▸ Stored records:
Content starts
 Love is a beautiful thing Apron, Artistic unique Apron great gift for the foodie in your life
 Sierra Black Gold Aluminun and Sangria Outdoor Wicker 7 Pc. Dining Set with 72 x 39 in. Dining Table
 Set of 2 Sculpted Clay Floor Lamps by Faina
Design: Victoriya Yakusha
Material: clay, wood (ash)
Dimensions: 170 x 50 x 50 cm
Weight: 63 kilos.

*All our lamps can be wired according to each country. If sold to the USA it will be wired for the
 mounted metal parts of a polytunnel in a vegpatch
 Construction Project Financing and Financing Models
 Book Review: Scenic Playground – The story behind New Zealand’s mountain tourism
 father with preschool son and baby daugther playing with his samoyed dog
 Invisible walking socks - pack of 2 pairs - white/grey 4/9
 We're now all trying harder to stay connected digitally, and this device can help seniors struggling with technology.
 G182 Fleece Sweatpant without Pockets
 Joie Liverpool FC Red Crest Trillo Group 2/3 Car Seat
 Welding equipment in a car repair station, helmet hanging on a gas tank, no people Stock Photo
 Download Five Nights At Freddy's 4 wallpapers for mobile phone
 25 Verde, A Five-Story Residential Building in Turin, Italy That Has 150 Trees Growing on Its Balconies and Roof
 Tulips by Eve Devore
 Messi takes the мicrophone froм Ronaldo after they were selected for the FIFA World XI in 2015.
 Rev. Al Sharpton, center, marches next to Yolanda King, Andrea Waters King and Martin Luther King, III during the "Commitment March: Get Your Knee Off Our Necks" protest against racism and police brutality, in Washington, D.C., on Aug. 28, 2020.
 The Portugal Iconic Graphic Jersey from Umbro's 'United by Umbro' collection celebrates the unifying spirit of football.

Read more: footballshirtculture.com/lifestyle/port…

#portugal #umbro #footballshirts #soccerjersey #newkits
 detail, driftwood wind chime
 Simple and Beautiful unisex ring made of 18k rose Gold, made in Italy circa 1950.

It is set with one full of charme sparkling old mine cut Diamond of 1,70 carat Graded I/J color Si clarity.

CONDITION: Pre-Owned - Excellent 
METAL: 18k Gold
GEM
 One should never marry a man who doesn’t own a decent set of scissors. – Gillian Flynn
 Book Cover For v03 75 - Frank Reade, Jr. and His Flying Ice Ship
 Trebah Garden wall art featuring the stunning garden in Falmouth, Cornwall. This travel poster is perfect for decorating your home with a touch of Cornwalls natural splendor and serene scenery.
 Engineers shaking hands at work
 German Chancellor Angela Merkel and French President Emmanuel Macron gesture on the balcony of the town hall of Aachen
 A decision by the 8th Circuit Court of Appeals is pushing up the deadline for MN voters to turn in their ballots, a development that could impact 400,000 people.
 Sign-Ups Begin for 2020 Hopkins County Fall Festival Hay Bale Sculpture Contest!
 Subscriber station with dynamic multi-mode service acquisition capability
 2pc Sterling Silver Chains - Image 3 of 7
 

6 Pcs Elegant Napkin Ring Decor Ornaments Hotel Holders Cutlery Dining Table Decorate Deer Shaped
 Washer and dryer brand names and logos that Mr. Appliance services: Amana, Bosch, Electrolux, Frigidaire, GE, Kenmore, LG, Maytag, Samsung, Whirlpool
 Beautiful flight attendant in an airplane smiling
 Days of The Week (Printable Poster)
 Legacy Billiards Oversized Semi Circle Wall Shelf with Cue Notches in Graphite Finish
Content ends
▸ TASK INSTRUCTIONS:
Look back at the entries above. Retype the line with "25 Verde, A", the line with "One should never", and all lines in between.

▸ ANSWER TO THIS PROBLEM:
 25 Verde, A Five-Story Residential Building in Turin, Italy That Has 150 Trees Growing on Its Balconies and Roof
 Tulips by Eve Devore
 Messi takes the мicrophone froм Ronaldo after they were selected for the FIFA World XI in 2015.
 Rev. Al Sharpton, center, marches next to Yolanda King, Andrea Waters King and Martin Luther King, III during the "Commitment March: Get Your Knee Off Our Necks" protest against racism and police brutality, in Washington, D.C., on Aug. 28, 2020.
 The Portugal Iconic Graphic Jersey from Umbro's 'United by Umbro' collection celebrates the unifying spirit of football.

Read more: footballshirtculture.com/lifestyle/port…

#portugal #umbro #footballshirts #soccerjersey #newkits
 detail, driftwood wind chime
 Simple and Beautiful unisex ring made of 18k rose Gold, made in Italy circa 1950.

It is set with one full of charme sparkling old mine cut Diamond of 1,70 carat Graded I/J color Si clarity.

CONDITION: Pre-Owned - Excellent 
METAL: 18k Gold
GEM
 One should never marry a man who doesn’t own a decent set of scissors. – Gillian Flynn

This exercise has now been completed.